Elinor, que desde hacía algún rato deliberaba sobre la conveniencia o inconveniencia de aventurarse a hacer su relato de inmediato, escuchó esto sin sentirse en absoluto más decidida que al comienzo; y advirtiendo que, como la deliberación no conducía a nada, la determinación debía hacerse cargo de todo, pronto se encontró enfrentándose a ello.

Condujo el relato, así lo esperaba, con habilidad; preparó con cuidado a su ansiosa oyente; relató con sencillez y honestidad los principales puntos en que Willoughby basaba su defensa; apreció debidamente su contrición y solo moderó sus declaraciones relativas a su amor actual por Marianne. Ella no pronunció palabra; temblaba, tenía los ojos clavados en el suelo y los labios más blancos de lo que la enfermedad los había dejado. De su corazón brotaban mil cuestiones, pero no osaba plantear ninguna. Escuchó cada palabra con anhelante ansiedad; su mano, sin que ella se diera cuenta, estrechaba fuertemente la de su hermana y las lágrimas rodaban por sus mejillas.
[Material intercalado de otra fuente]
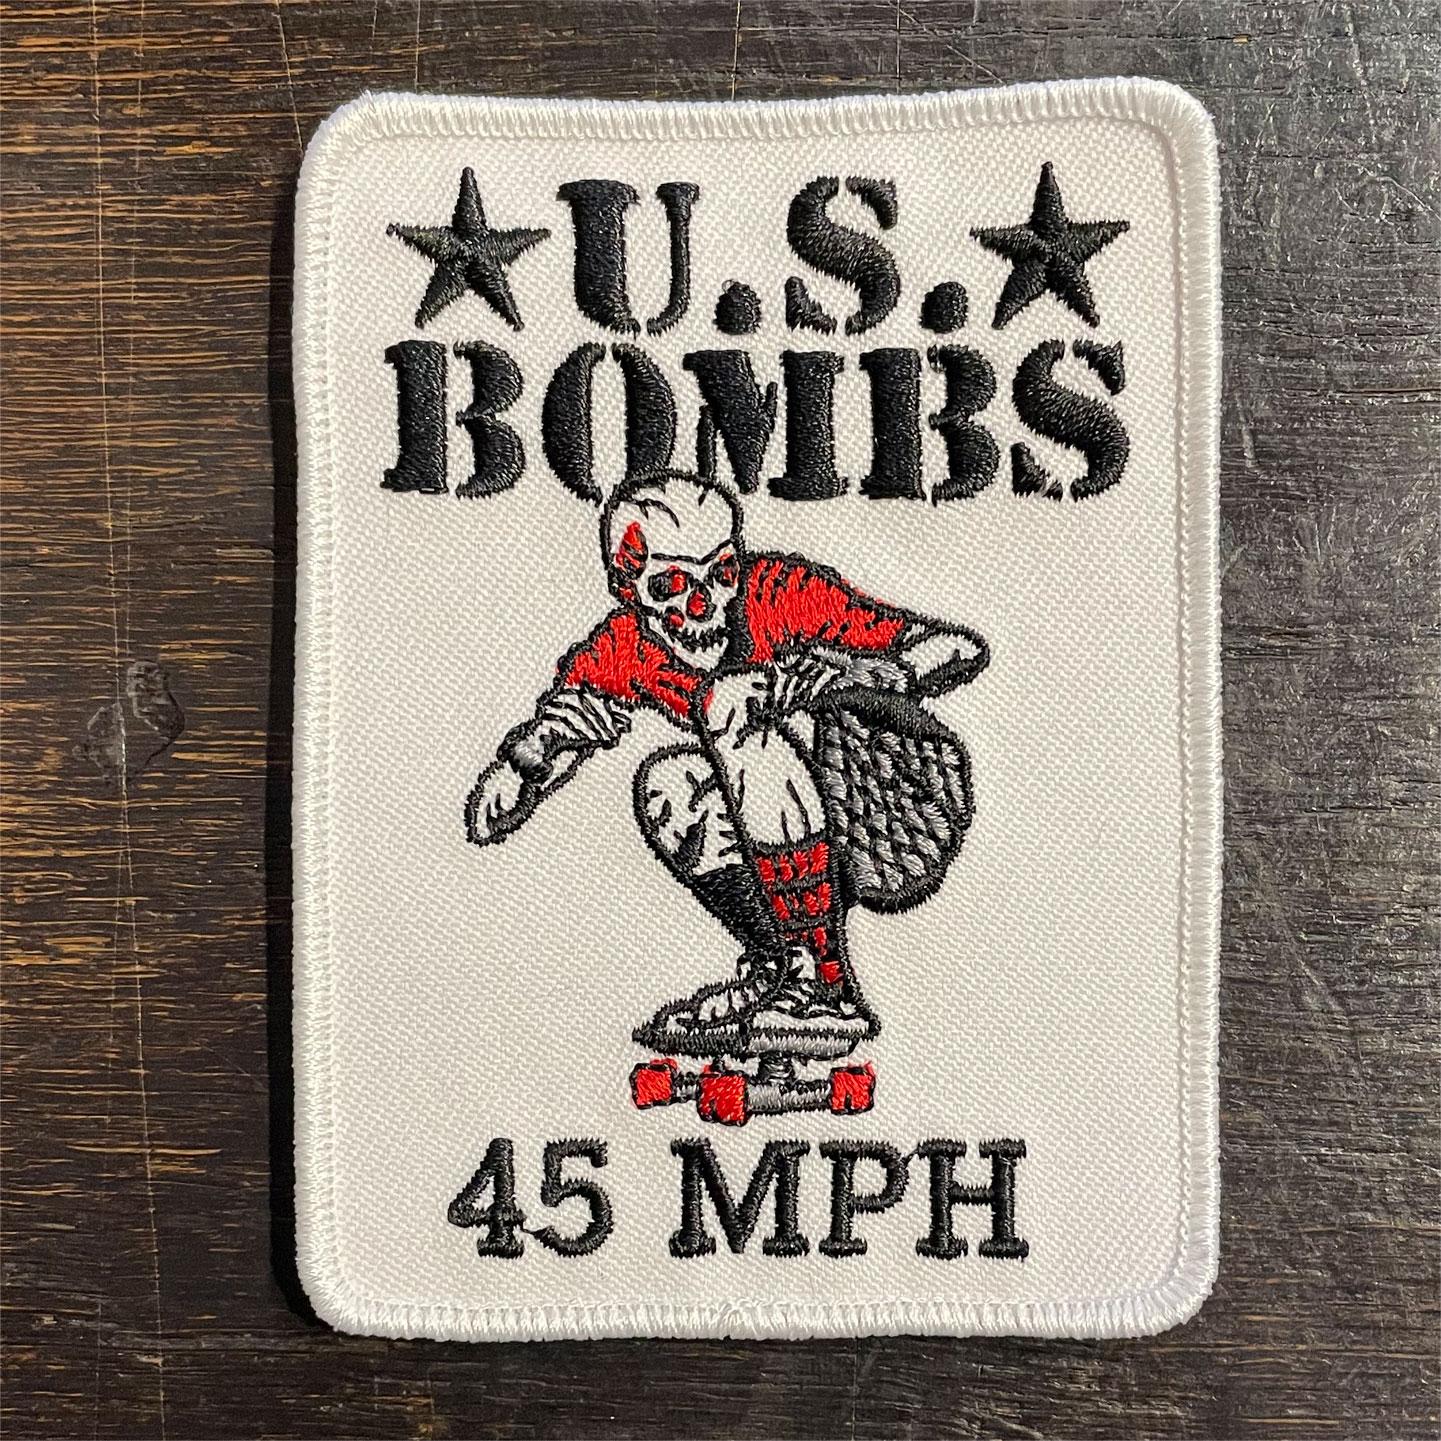 US BOMB 刺繍ワッペン 45MPH

Elinor, temiendo que se hubiera cansado, la condujo a casa; y hasta que llegaron a la puerta, adivinando fácilmente a qué estaría dirigida su curiosidad aunque en ningún momento pudo manifestarla en preguntas, no le habló de otra cosa que de Willoughby y de la charla que tuvieron; y fue cuidadosamente minuciosa en todos los pormenores de lo que había dicho y de su aspecto, allí donde sin peligro podía permitirse una descripción detallada. No bien entraron en la casa, Marianne la besó con gratitud y apenas articulando en medio de su llanto tres palabras, “Cuéntaselo a mamá”, se separó de su hermana y subió despacio las escaleras. Elinor por ningún motivo iba a perturbar una tan comprensible búsqueda de soledad como esa; y pensando con gran ansiedad en sus posibles resultados, al mismo tiempo que tomaba la decisión de no volver a poner el tema si Marianne no lo hacía, se dirigió a la salita a cumplir su último ruego.

Capítulo XLVII

La señora Dashwood no dejó de conmoverse al escuchar la reivindicación de su antiguo favorito. Se alegró al verlo absuelto de parte de las culpas que se le imputaban; le daba pena; deseaba que fuera feliz. Pero no se podía hacer revivir los sentimientos del pasado. Nada podía restituirlo con su palabra intacta y un carácter sin mancha ante Marianne. Nada podía hacer desaparecer el conocimiento de lo que ella había sufrido por su culpa, ni eliminar el daño de su comportamiento con Eliza. Nada podía devolverle, entonces, el lugar que había ocupado en el afecto de la señora Dashwood, ni perjudicar los intereses del coronel Brandon.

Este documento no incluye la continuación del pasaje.